No one was making a dig at those that use finance or PCP to obtain a car. The point that's been made about the mentality of SOME drivers who have no intention of ever owning the car is that there's then little concern over the longevity of the vehicle.

As I said on my post, every car I've ever had (financed or not) has been treated as if I'll keep it forever. So of course it doesn't apply to every person with a PCP deal. But, there is a mentality of how disposable a car is and doing the bare minimum to have a car on the road.

So I'd disagree and say that the mindset of how disposable cars are can come with the fact that someone who leases or uses PCP has no intention of keeping the car long term.
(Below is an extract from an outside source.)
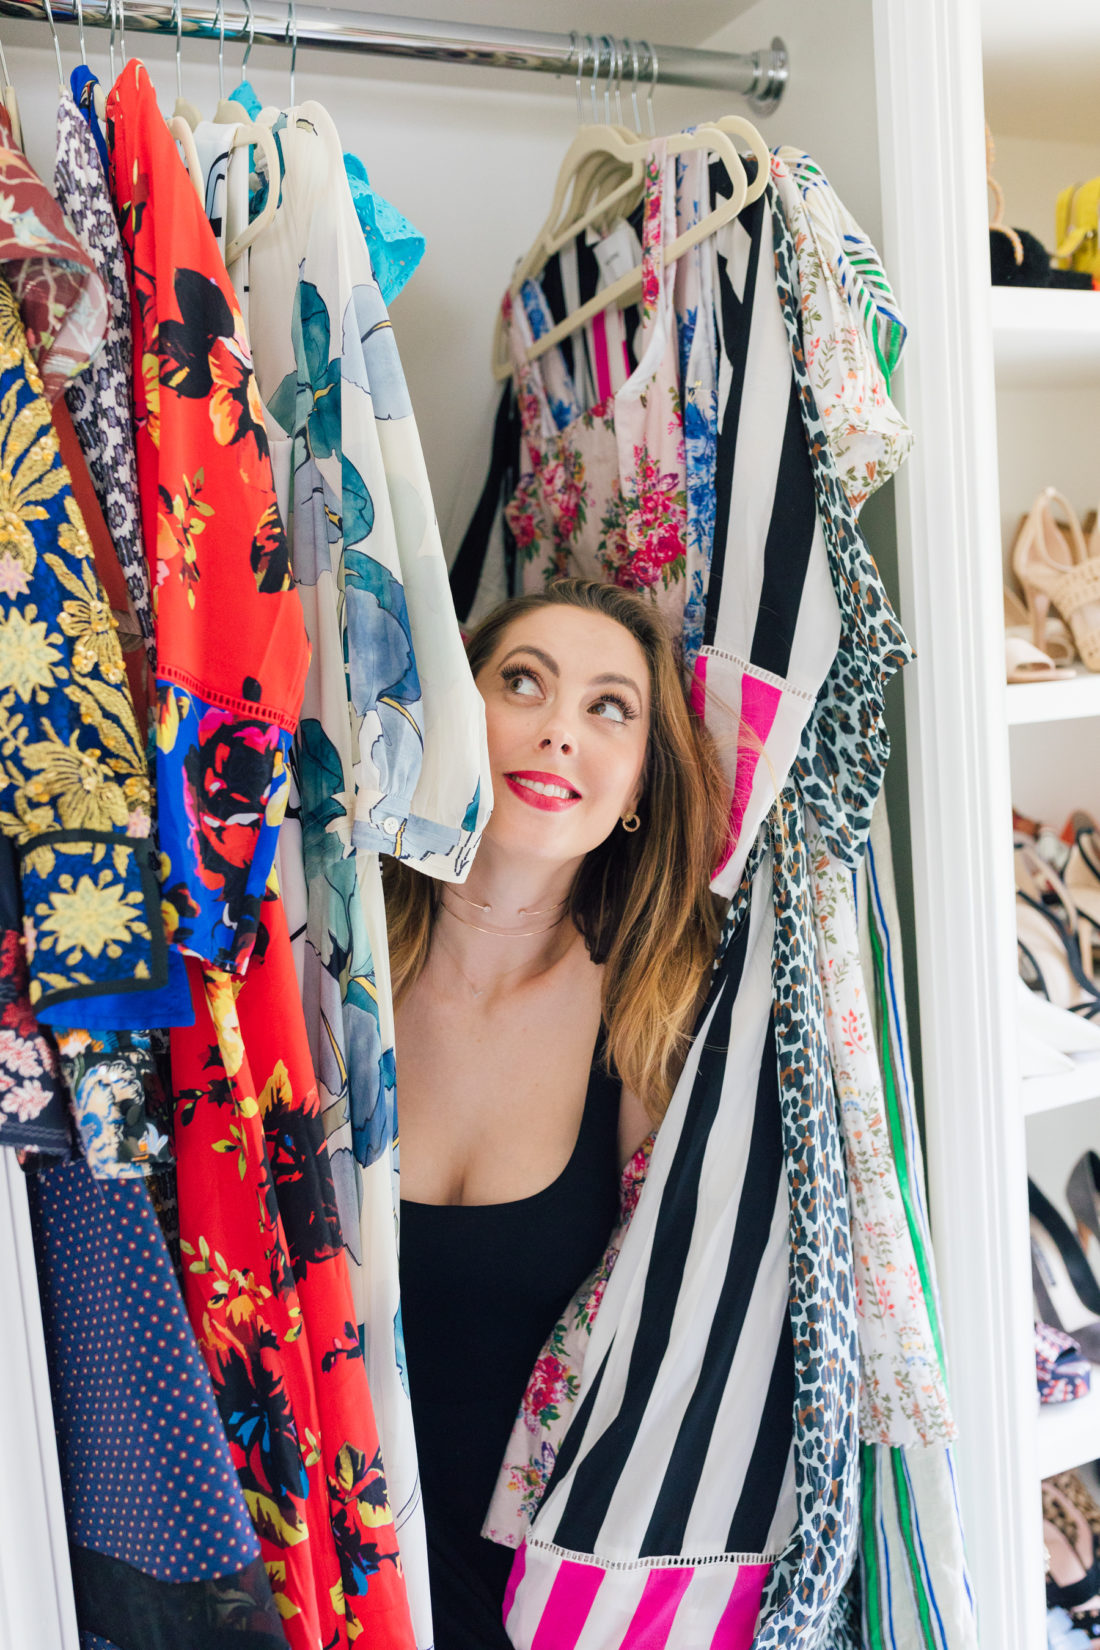 Eva Amurri Martino pops out of her colorful closet
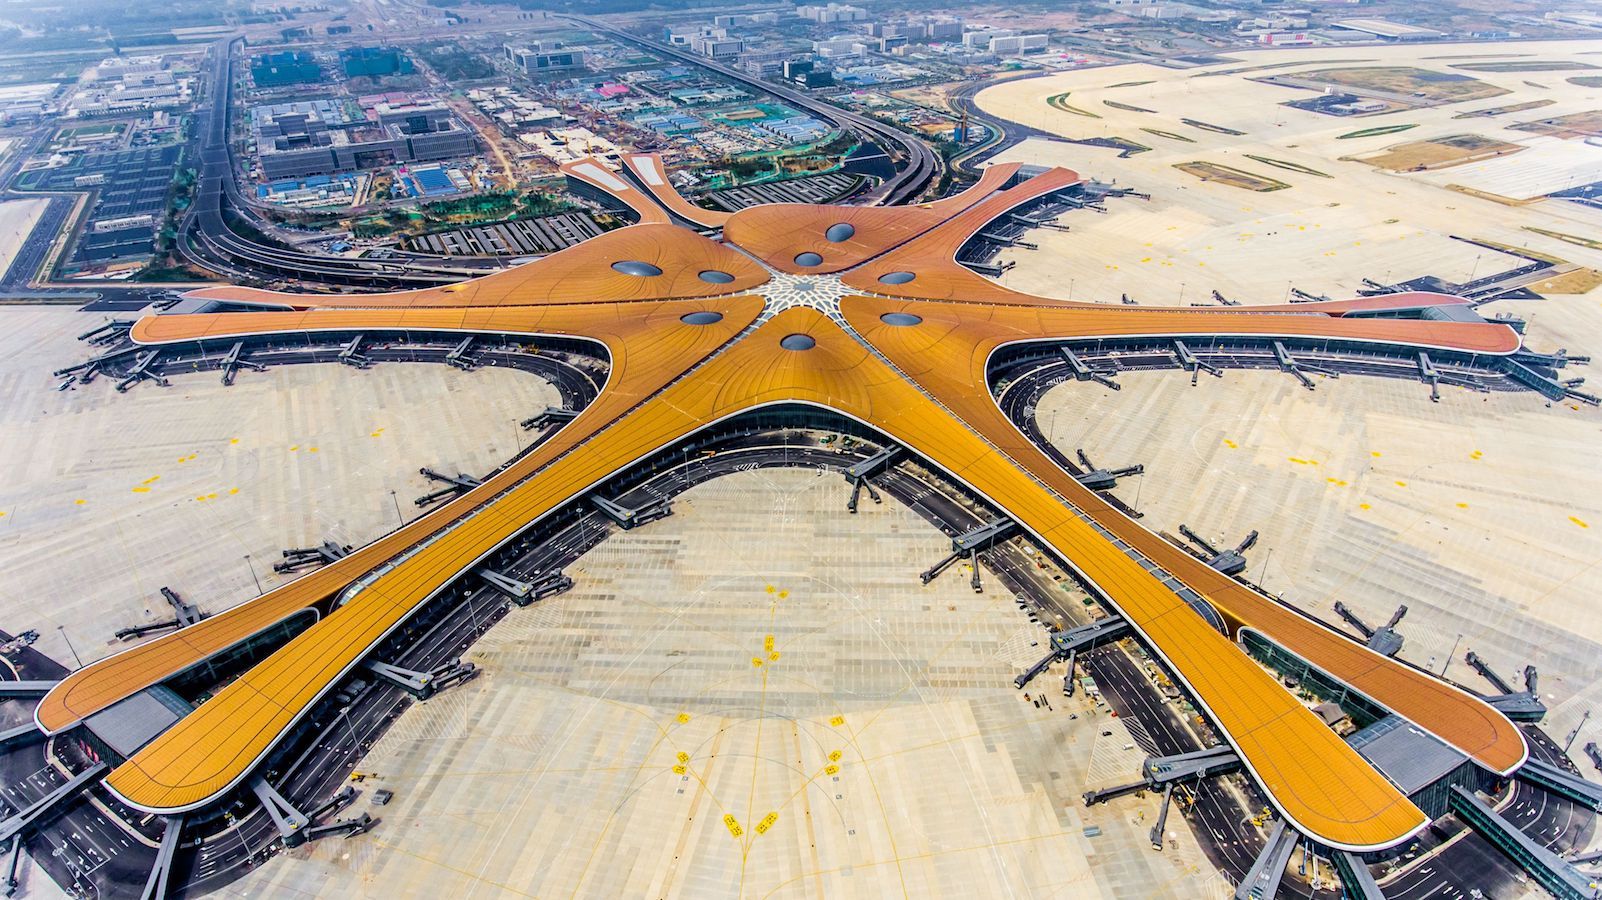 Pekində dünyanın ən böyük beynəlxalq hava limanı açılıb

Of course it doesn't apply to every single driver so you do have to keep it in context.


----------



## Richors (Apr 29, 2007)

Interesting thread. 
A lot to be said for using known Independents over main dealers though I know with warranty and lease etc this isn't always possible.
A good indy in my view will, for example, clean caliper sliders etc on a brake service whereas dealers usually only do if there is a problem for time reasons I imagine.
This is a forum for folk who obviously care about cars...……….not sure the bulk of the population do to any great degree and most are utility vehicles...….?


----------



## mbarn (Mar 2, 2019)

JordanE said:


> Does every thread on this forum have to circle around ****ing finance and pcp.
> Never heard so much ball **** in my life.
> 
> It matters not how the car is paid. It's a personality trait.
> ...


I personally agree with the part about people liking cars will look after them, irrelevant of payment method, but they are in the minority. Insurance companies see pcp/lease cars as higher risk, as you'll find it costs more to insure a pcp/lease car than one you fully own. That would indicate that people who finance don't look after or drive the cars as safely as full owners


----------



## andy665 (Nov 1, 2005)

A massive sweeping generalisation about people who lease / PCP their cars taking less care of the vehicle - anyone got any data to back it up?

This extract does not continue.